The baseline characteristics stratified by the symptom-to-balloon time are listed in Table 1 . Patients with a longer symptom-to-balloon time were more likely to be older, to have hypertension, to have a higher heart rate and systolic blood pressure at admission, and to be treated with calcium antagonists and nitrates. Patients with a shorter symptom-to-balloon time were more likely to be current smokers.

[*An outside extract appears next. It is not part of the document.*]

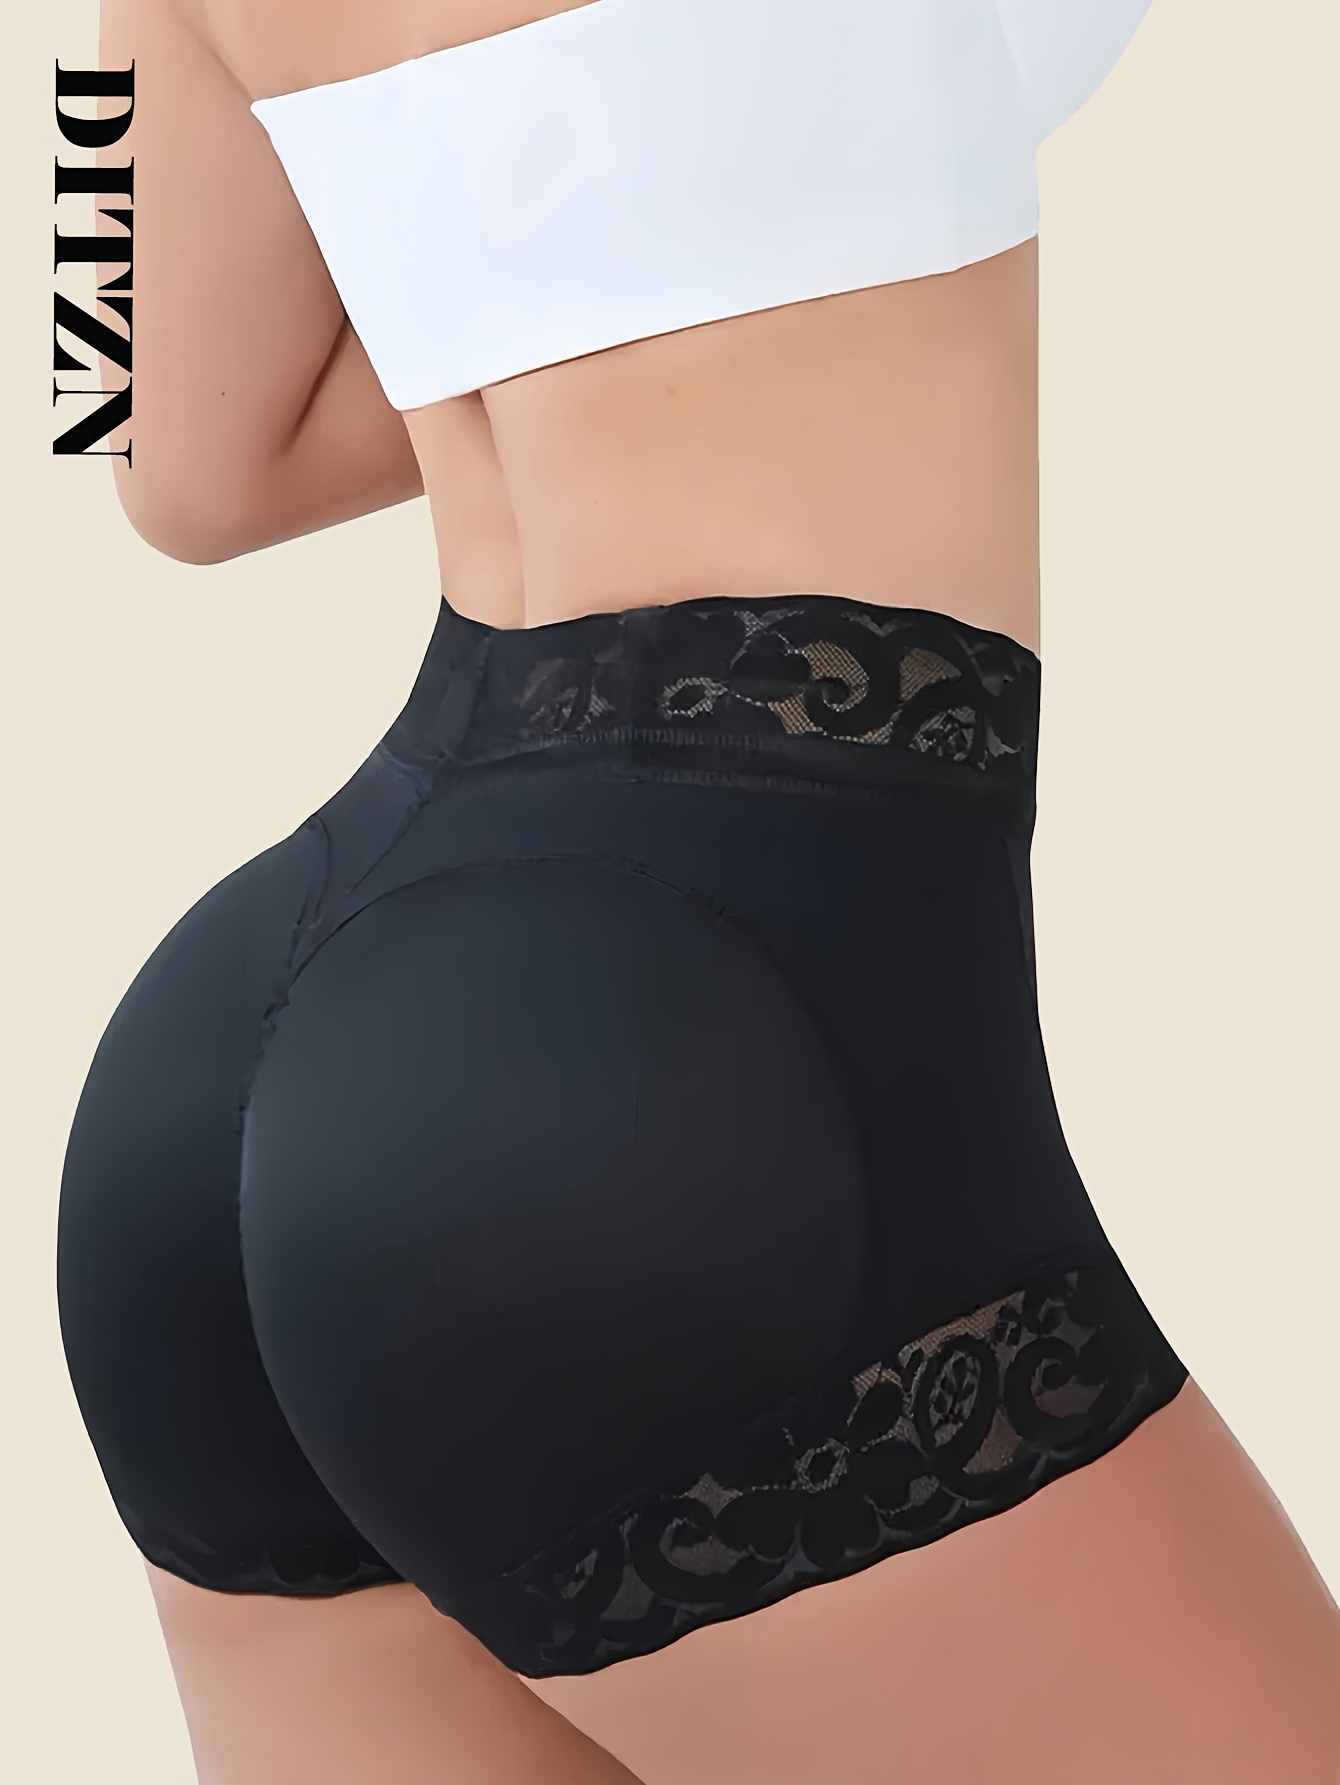 ESSSUT Underwear Womens Womens Butt Lifter Padded Panties Hip Enhancer  Underwear Body Shaper Lingerie For Women Xxl

| Variable | Symptom-to-Balloon Time (hrs) | p Value | ||
|---|---|---|---|---|
| <3 (n = 223) | 3–5 (n = 282) | ≥5 (n = 181) | ||
| Age (years) | 61 (52–68) | 62 (55–71) | 66 (54–75) | 0.002 |
| Men | 74% | 73% | 75% | 0.95 |
| Hypertension | 16% | 20% | 25% | 0.06 |
| Diabetes | 5% | 9% | 7% | 0.17 |
| Current smoking | 65% | 59% | 52% | 0.03 |
| Previous myocardial infarction | 11% | 10% | 11% | 0.89 |
| Previous angioplasty | 5% | 5% | 3% | 0.60 |
| Previous stroke | 2% | 4% | 3% | 0.55 |
| Heart rate (beats/min) | 70 (60–80) | 70 (60–84) | 80 (66–90) | <0.001 |
| Systolic blood pressure (mm Hg) | 130 (110–150) | 134 (120–150) | 140 (125–160) | <0.001 |
| Anterior myocardial infarction | 51% | 49% | 55% | 0.38 |
| Medical treatment | ||||
| Aspirin | 20% | 21% | 19% | 0.93 |
| β Blockers | 13% | 13% | 12% | 0.94 |
| Angiotensin-converting enzyme inhibitors | 7% | 7% | 12% | 0.10 |
| Calcium antagonists | 7% | 9% | 14% | 0.04 |
| Nitrate | 4% | 4% | 8% | 0.06 |
| Diuretics | 11% | 14% | 13% | 0.58 |
| Lipid-lowering drugs | 8% | 6% | 5% | 0.49 |
| Warfarin | 2% | 1% | 2% | 0.94 |
| No. of narrowed coronary arteries | 0.75 | |||
| 1 | 62% | 58% | 54% | |
| 2 | 23% | 28% | 28% | |
| 3 | 12% | 12% | 15% | |
| Left main | 3% | 2% | 3% | |
| Preangioplasty Thrombolysis In Myocardial Infarction flow | 0.13 | |||
| 0 | 60% | 66% | 70% | |
| 1 | 9% | 5% | 5% | |
| 2 | 13% | 16% | 14% | |
| 3 | 18% | 14% | 12% | |
A shorter symptom-to-balloon time was associated with greater rates of TIMI 3 flow after pPCI (early 86.5%, intermediate 80.9%, late 75.7%, p = 0.02). As shown in Figure 2 , a LVEF of ≤40% was an important predictor of 3-year mortality (hazard ratio [HR] 6.02, 95% confidence interval [CI] 3.68 to 9.85, p <0.001). A short symptom-to-balloon time was associated with a better predischarge LVEF (early 54%, range 45% to 60%; intermediate 50%, range 44% to 58%; late 50%, range 40% to 55%; p <0.001) and increased the likelihood of a subsequent LVEF >40% at hospital discharge (early 80.3%, intermediate 77.2%, late 66.9%, p = 0.006).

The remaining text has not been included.